Please friend, I consider you an intelligent person, a person who has gotten where it is and I do not mean your career, but how you as a person who has fallen and been rebuilt, your blog has turned many times as you've put the chest to the bullets and you have always come forward. You're going to say that this trip will be your downfall?
So ... you the fucked up .... and you're not going to do anything to remedy this?
You talk about your sign, Aries, a fire sign, momentum, strong, powerful, and now you're going to fall .... no sir, no way.
Dude, any problems in the life of a human being has a possible solution, obviously some solutions have their conditions, but nothing is impossible to solve, except ... death.
The answer to your problems are inside you and not only you can fix this, and only you can do if you take the bull by the horns, this means, if you can conquer yourself.
My grandmother used to say to me: "I do not give advice, because the intelligent, not need, and the jerks do not accept."
You are an intelligent person, you know inside you their attitudes must change and that solutions must be applied.
You're going to solve this problem, it will not be solved in the overnight and will not be easy, but will be fixed, maybe not the way you want, but the way to be solved.
I send a big hug and the distance you send my best wishes for them to put everything right and fast.
Adrian from Buenos Aires.
I understand you were venting here and sometimes that leads us to entertain the fringe elements of our mind telling us bad things, but hearing you say that you are just cock, body, and sex was painful. I fully trust that you can't believe that and it was heat of the moment.
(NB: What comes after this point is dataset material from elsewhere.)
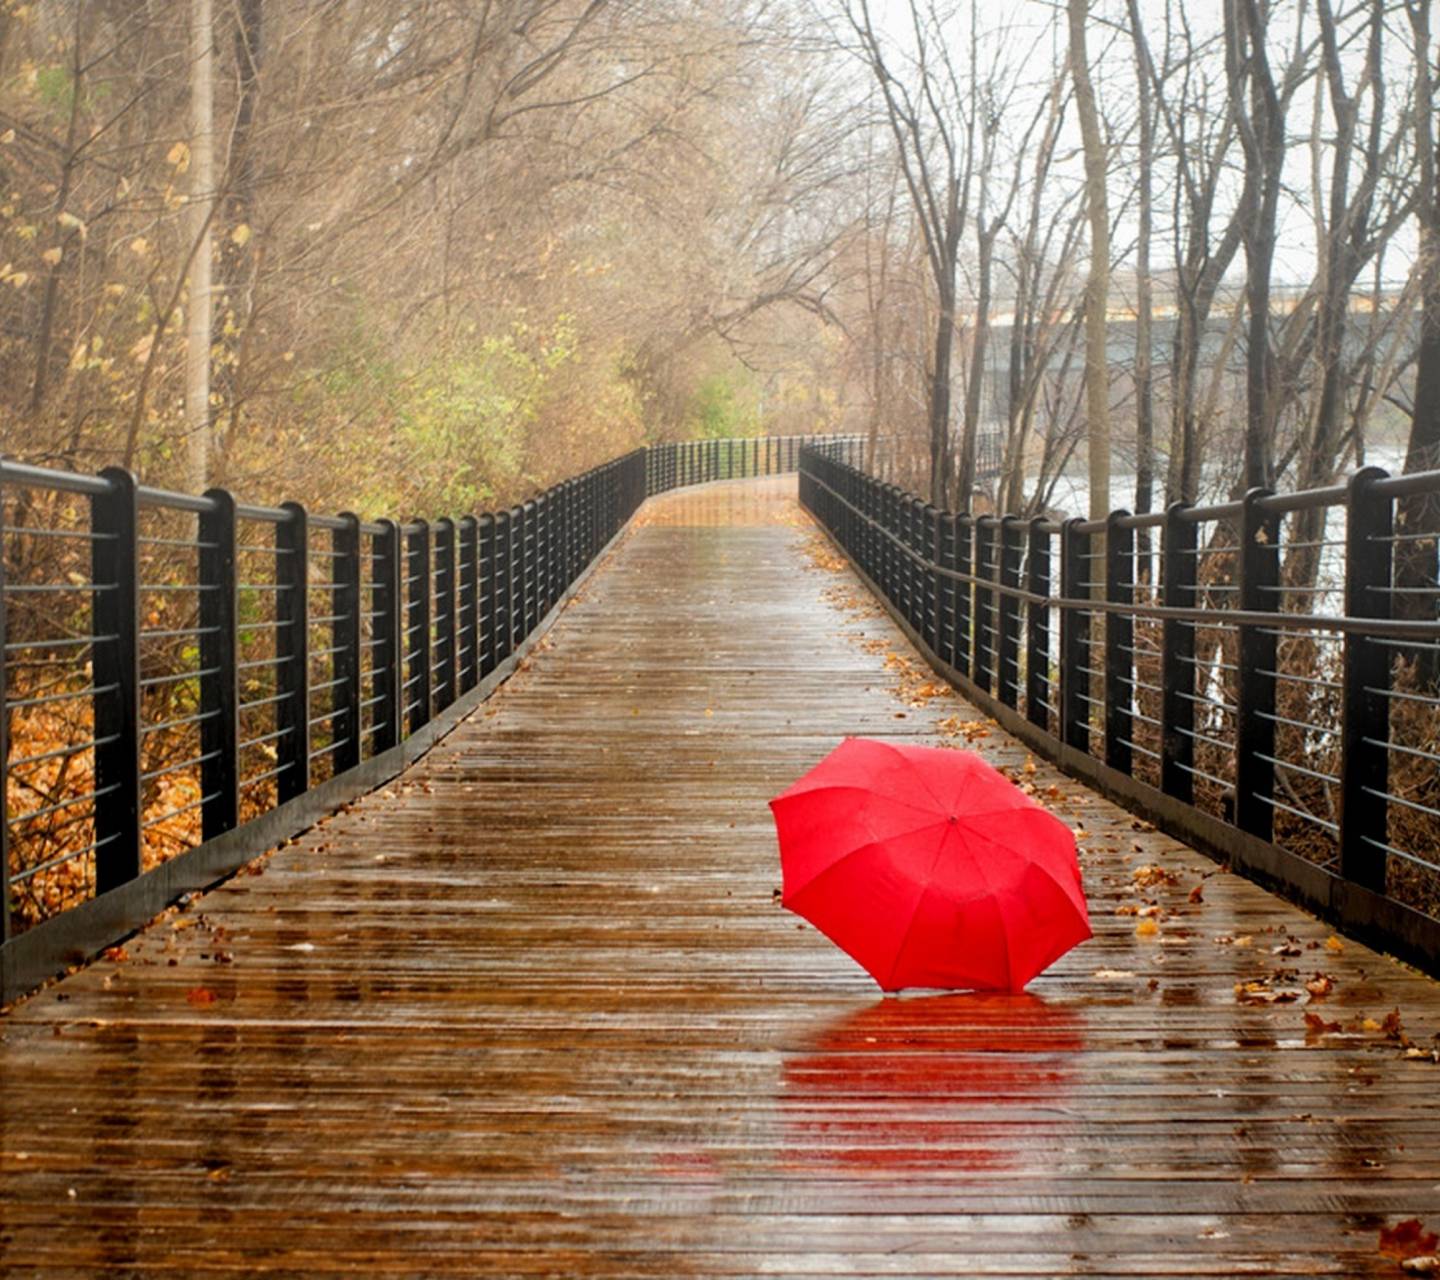 The Ultimate Collection of Rainy Day Images - Over 999 Spectacular ...

I really understood where you are coming from with this post. I don't really read your blog that often and have seen a couple of your movies, but I understand the mindset that most of the fans of yours have: that you get to have all the sex you want and live this "amazing" life, when all you really want is love as well. I completely understand how difficult that must be for you. I hope all things work out with you and "Petey" and that things start to improve for you. And I hope everything else goes well in your life as well. Hope these words helped you in some way and hope to hear back from you soon!